She too has participant observations:

My sense is that, more and more, people aren’t showing up in some generic self-congratulatory way, but with the understanding that we need one another, that we are reliant on each other, and that policies of cruelty and exclusion will only lead the country into a cul de sac of fascism.

This is an idea that protesters are helping to shape as they expand the movement. It’s a profound realization to know that millions of other humans have enough desire for a different world that they’ll make an effort on behalf of something better, even in the tiniest, reddest towns. ...

... The No Kings movement is a bottom-up force that is creating pressure for a different kind of politics locally and nationally. That process is bound to be messy and take time to sort out. But the protesters understand the assignment: the most important place they can be is right where they are. No Kings is binding together the core movements we’ve seen for a while on the streets of Chicago, Los Angeles, Minneapolis, and elsewhere.
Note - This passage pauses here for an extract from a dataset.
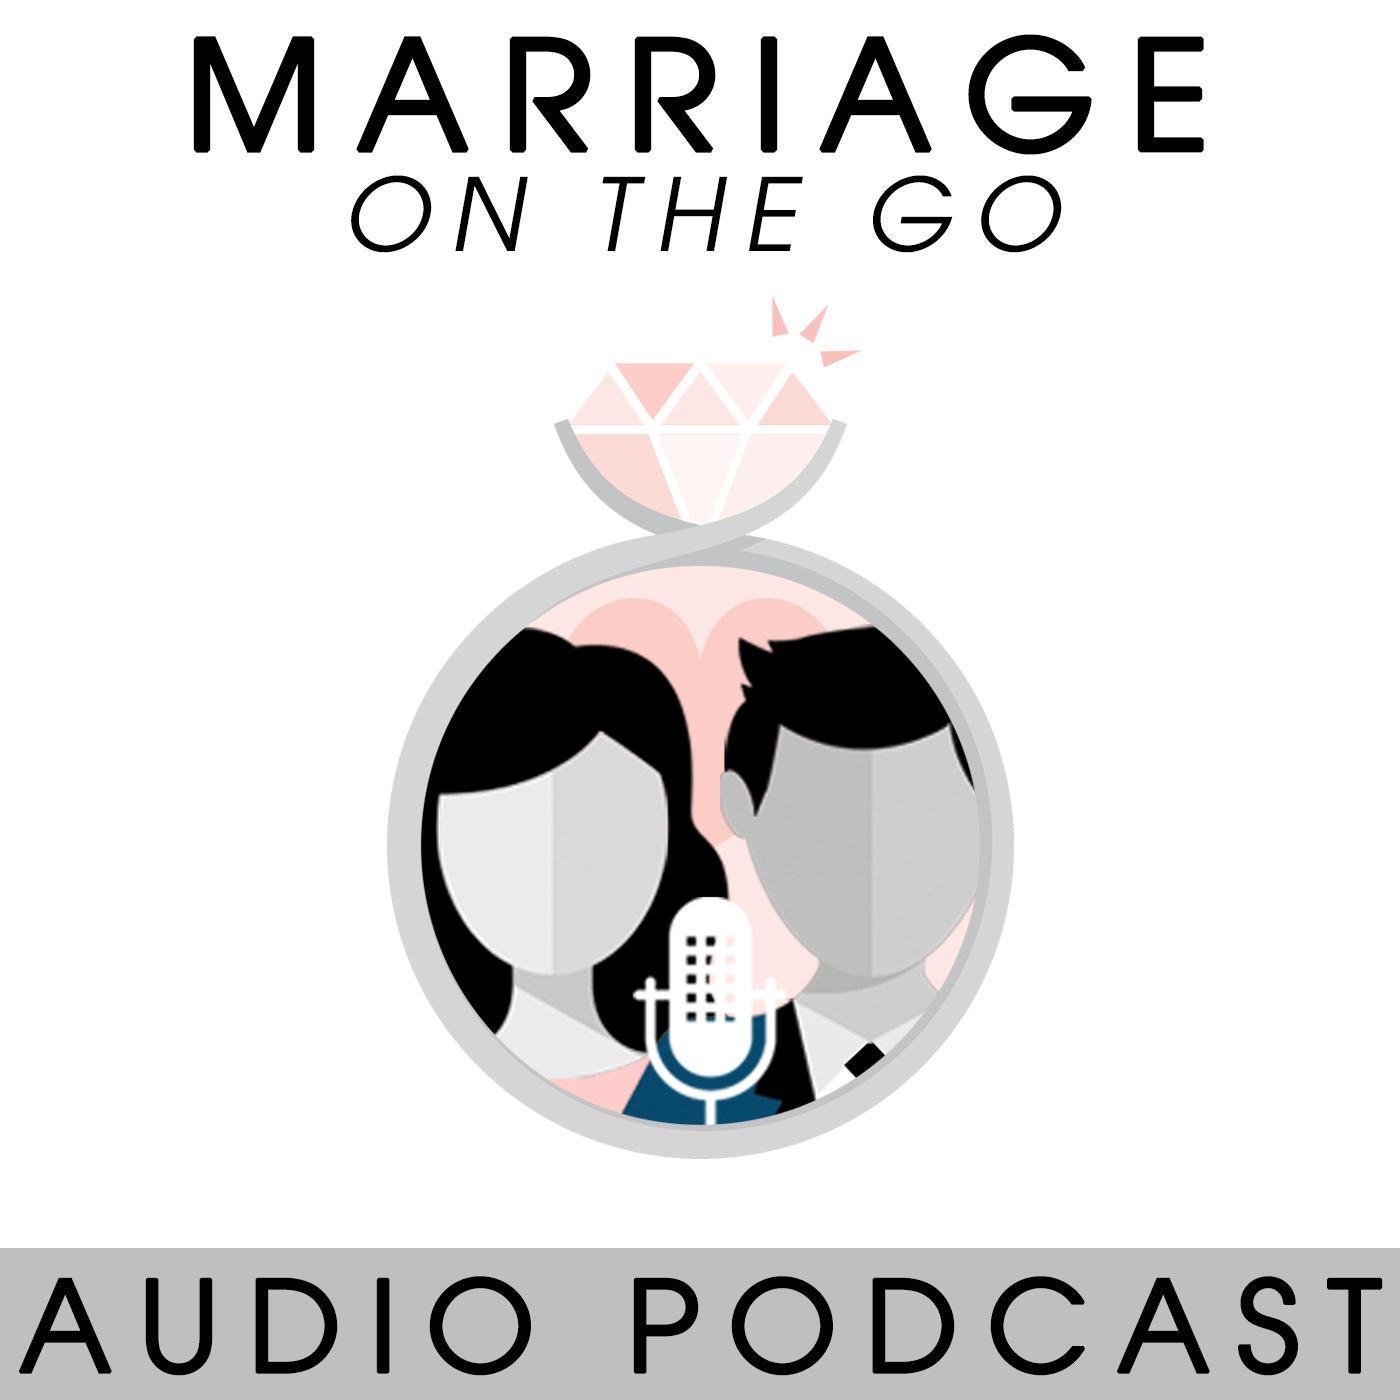 Marriage Libsyn Image Upload 1400x1400.jpg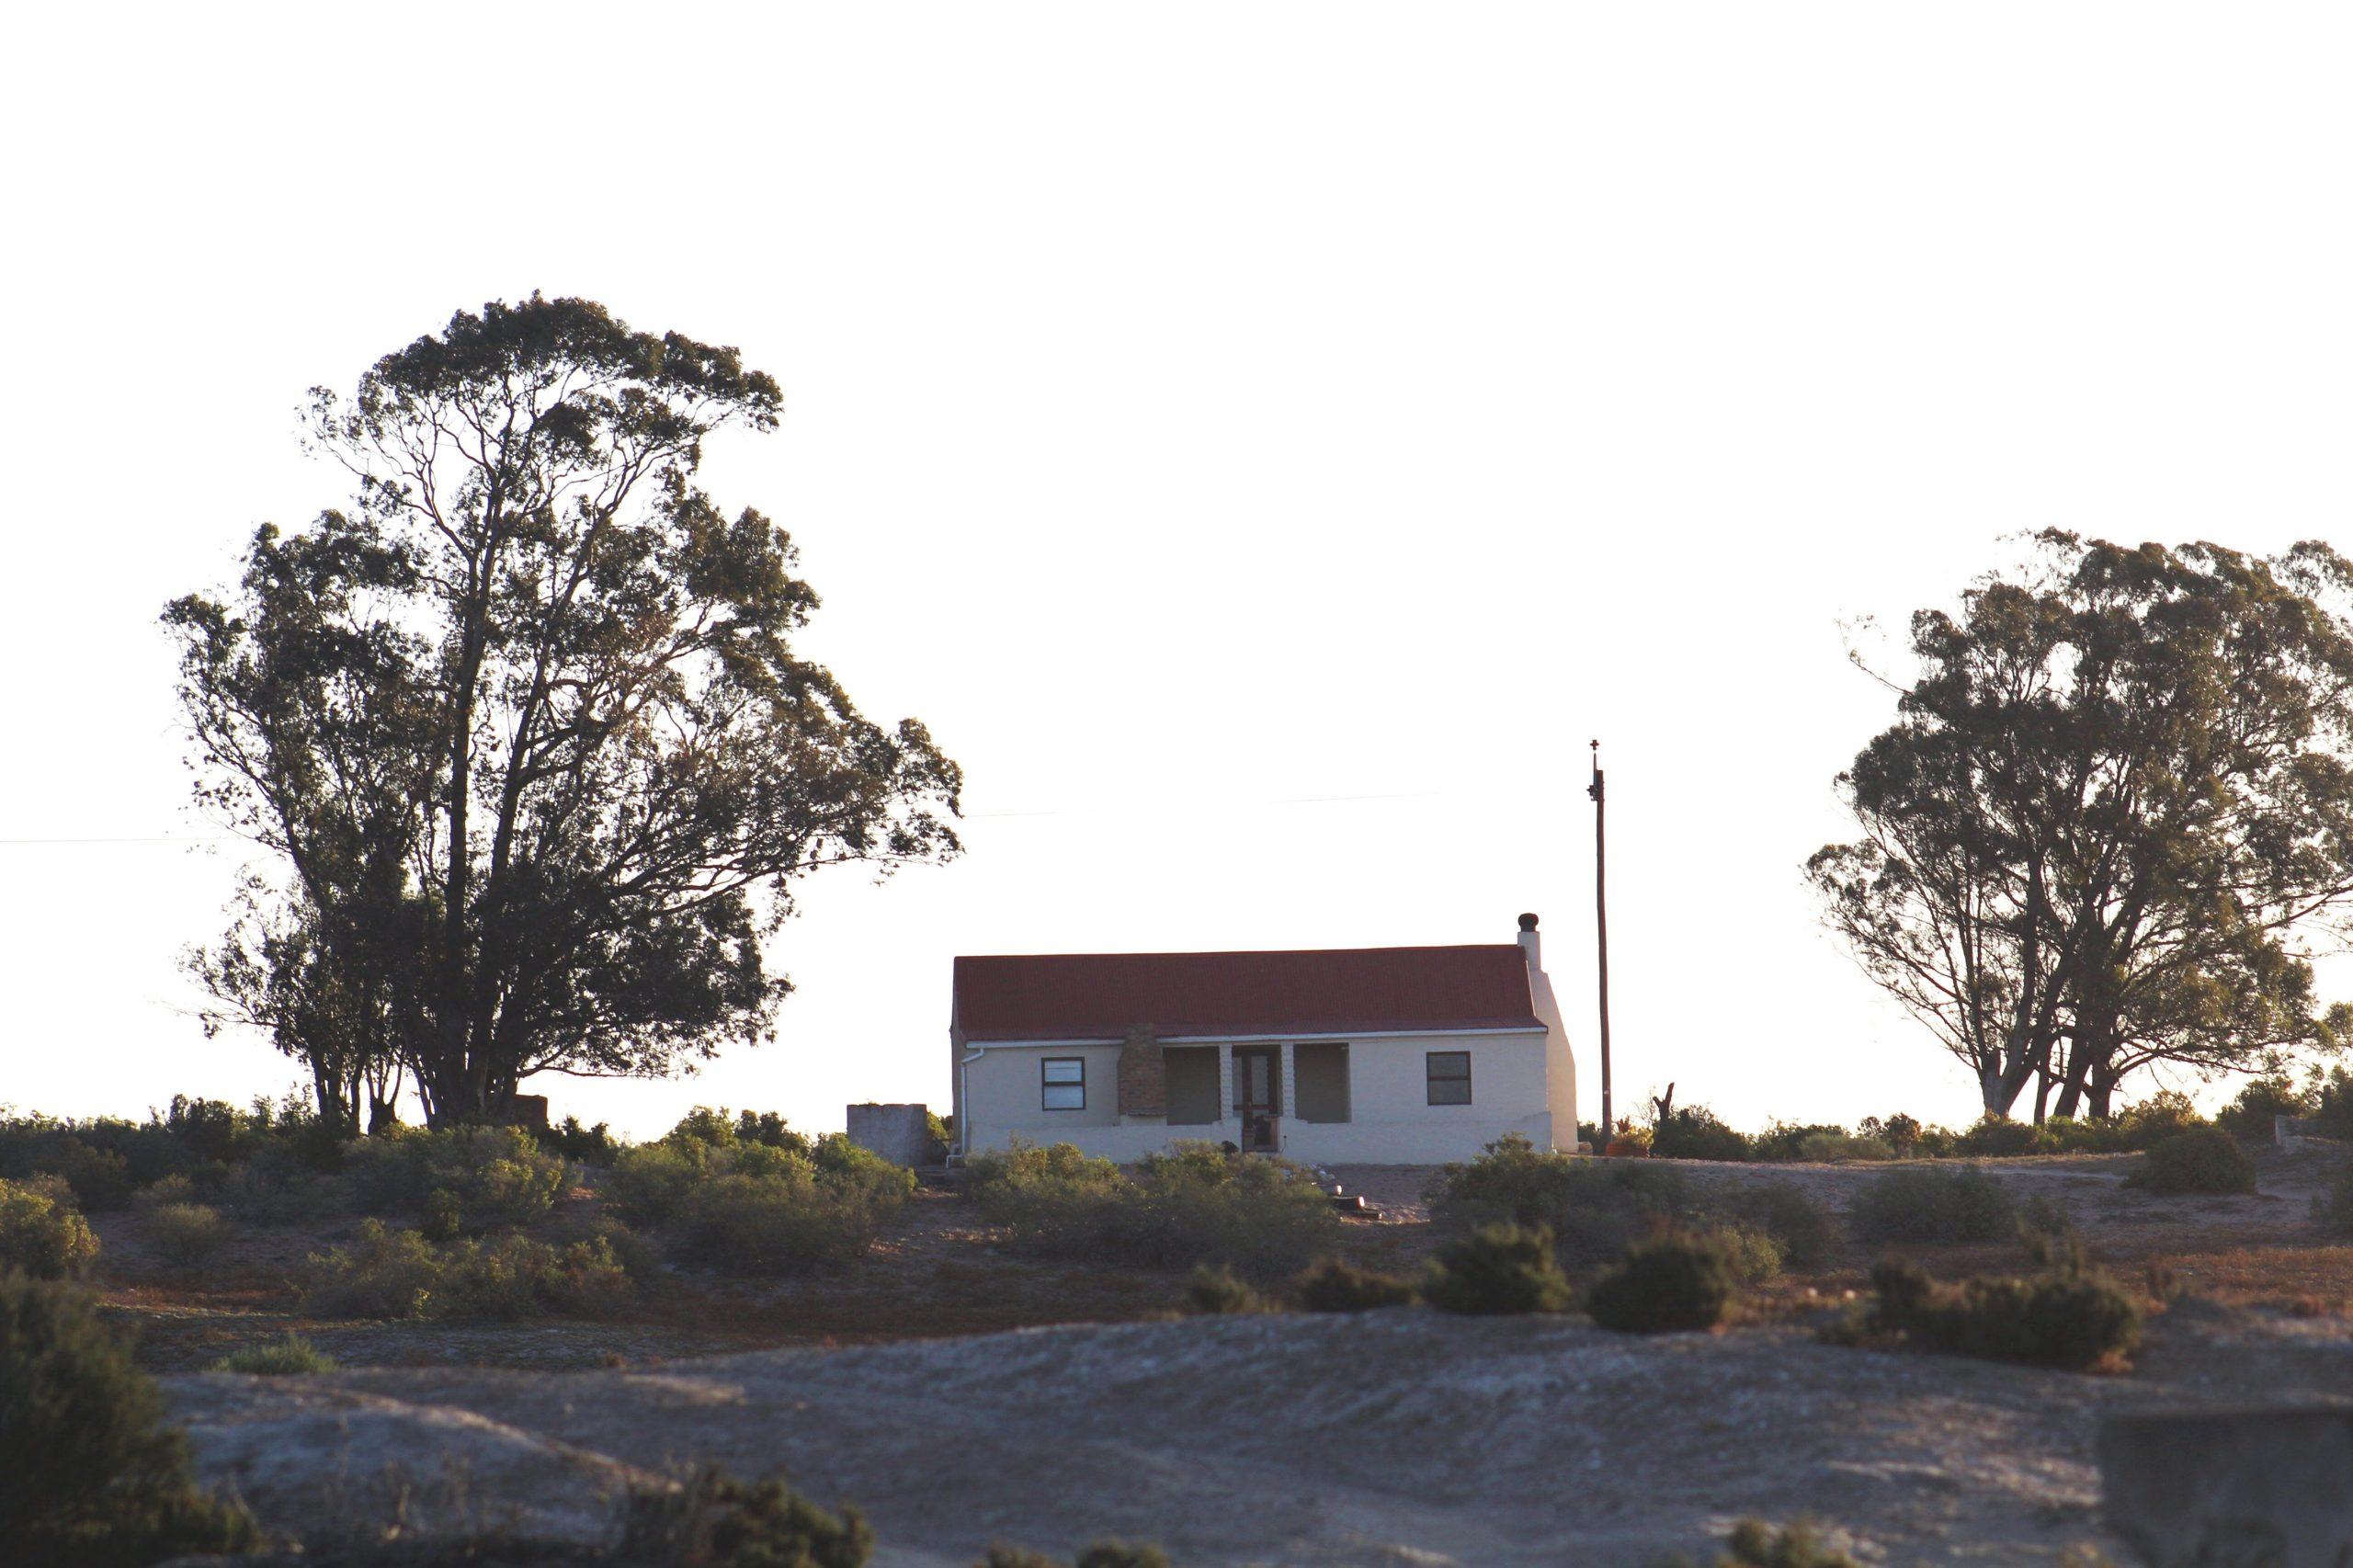 Kuifkopvisvanger - Kuifkopvisvanger Cottage in Velddrif, Berg River 16

We’re seeing a massive shift in favor of the abolition of ICE, deep support for trans folks, and fury over the Iran War. Though we see the effects of public pressure on actions like the recent DHS shutdown, Democratic politicians have, by and large, had a hard time keeping up, because the movement is still evolving and moving faster than institutions can respond....

... first-time protesters are practicing for the harder tests that may be coming. In the wake of the murders of Porter, Good, and Pretti, the risks are clearer now. They’re girding themselves to help because we know where authoritarianism goes and how far it will stoop to acquire more power, even after having seized so much. The greater the number who stand up now, the fewer the number who will have to pay with their lives later.

So many individuals have become atomized, isolated, and lonely. Protesting is an antidote for all that. And is also how to pull people into realizing they can play a role in building the future. No Kings is both performative and substantial. Showing up with a sign is in and of itself a powerful action to take in this moment, but it’s also a path to doing more.

She's caught on to something I agree is real.